You are on page 1of 1

Klasik Bilim Görüşü II

Bilimdeki bilgi, eleştirel (kritik) bir tavrın sonucu olan bilgidir. Bu, bilim adamının her şeyi
sorgulayan eleştirel tavrı olmadan, bilimin söz konusu olamayacağı anlamına gelir. Bir bilimsel kuram
ya da önerme, olgular tarafından desteklendiği ve olgularla uyuştuğu sürece doğru olabilir. İşte bu
yüzden; bilim adamı, olgular tarafından desteklenmeyen, olgular tarafından yanlışlanan kuramlarda ısrar
etmeyen, yanlış olanların yerine doğru hipotez, önerme ve kuramları geçiren araştırmacıdır.

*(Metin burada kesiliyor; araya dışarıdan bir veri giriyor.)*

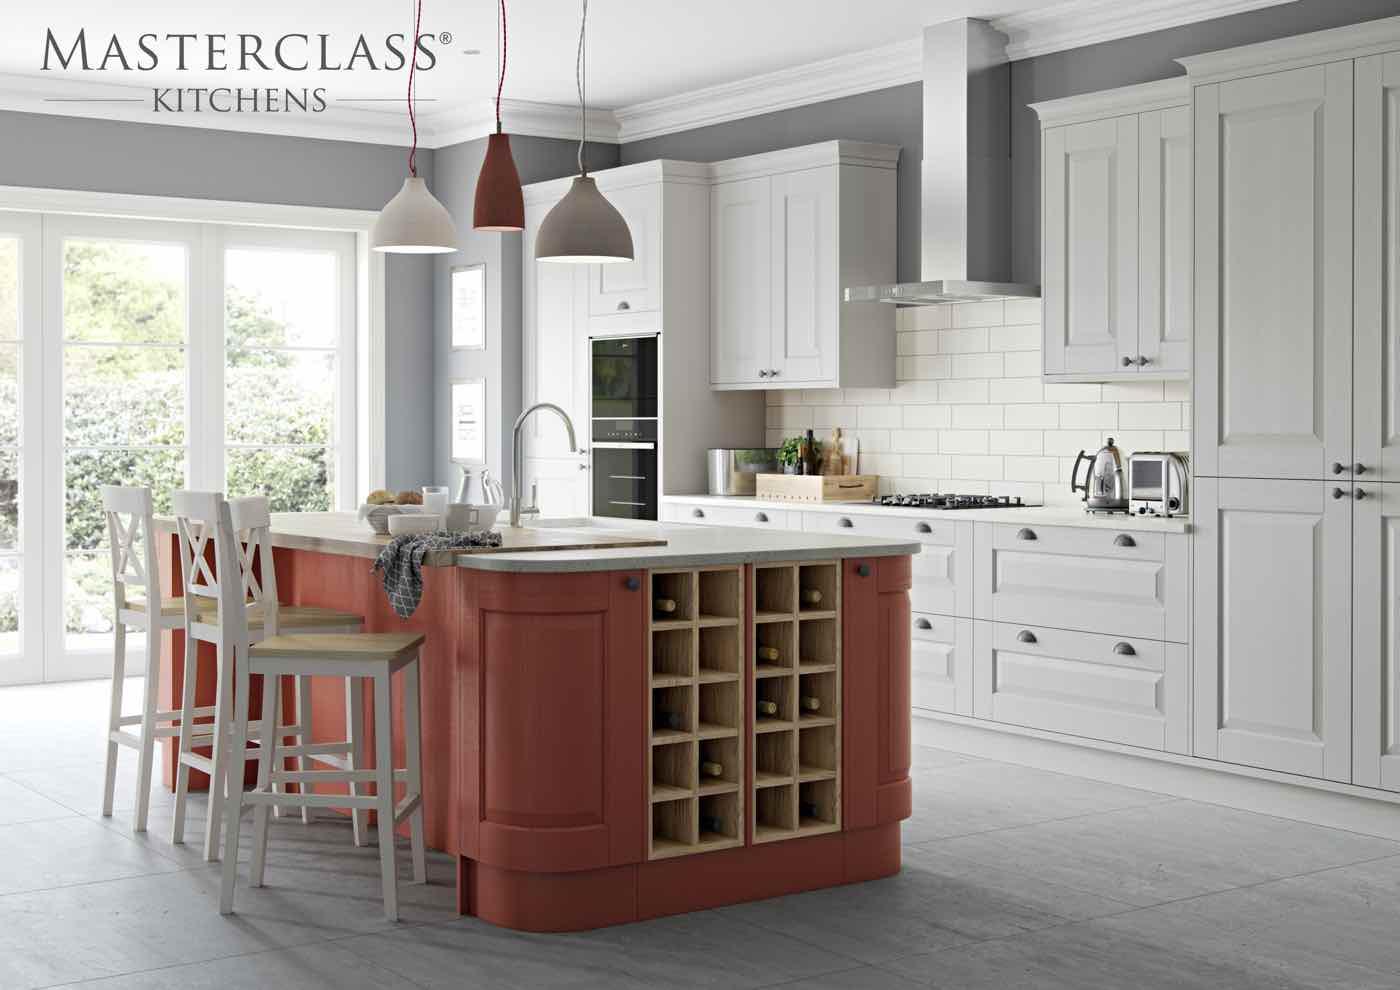 masterclass Carnegie kitchen range

Yine bilim, tümüyle rasyonel bir faaliyettir. Bilimde, bilim adamı kişisel inanç, felsefi görüş
ve spekülasyonlardan bağımsız olarak araştırmalar yapar. Burada dinî inançlara, test edilemeyen
ideolojik kanaatlere yer yoktur.
Bilim, insanoğluna tarihsel süreç içinde artarak gelişen bir bilgi sağlar. Yani, bilimsel bilgi
biriken bir bilgidir. Bilimsel ilerleme süreci, hep artan, ileriye doğru gelişen, eskinin doğrularına yeni
doğrular katan bir süreçtir. Bu süreçte, yanlışlar hep ayıklandığı için, her zaman artan ve biriken bir
bilgiden söz edilmelidir.
İşte bu çerçeve içinde, bilimin aynı zamanda düzgün ve doğrusal bir ilerleme süreci
sergilediği söylenebilir. Burada sapma, geriye dönüş ya da duraklamadan pek söz edilemez. Bugün,
insanoğlu için bilimin hızlı gelişmesine rağmen, evrenin bilinmeyen sırları hâlâ söz konusuysa bu,
düzgün, doğrusal ilerleme sürecinin sonuna henüz gelmemiş olmamamızdan kaynaklanır. Bu ilerleme
sürecinde, bir gün gelecek ve insanın bilimsel bilgisi mükemmelleşecektir.
Bilimsel faaliyetin insandan tümüyle bağımsız olan bir iç işleyişi vardır. Bilimsel faaliyete,
bilim adamının duygu ve düşünceleri etki etmez. Bilimin kendisine özgü olan buluş, araştırma ve
doğrulama mantığı, bir bilim adamından diğerine değişiklik göstermez.
Bilimin, bilimde üretilen bilimsel bilginin söz konusu hemen tüm özellikleri, onun
“bilimsel” diye nitelenen bir yönteme dayanılarak kazanılan bir bilgi olmasından kaynaklanır.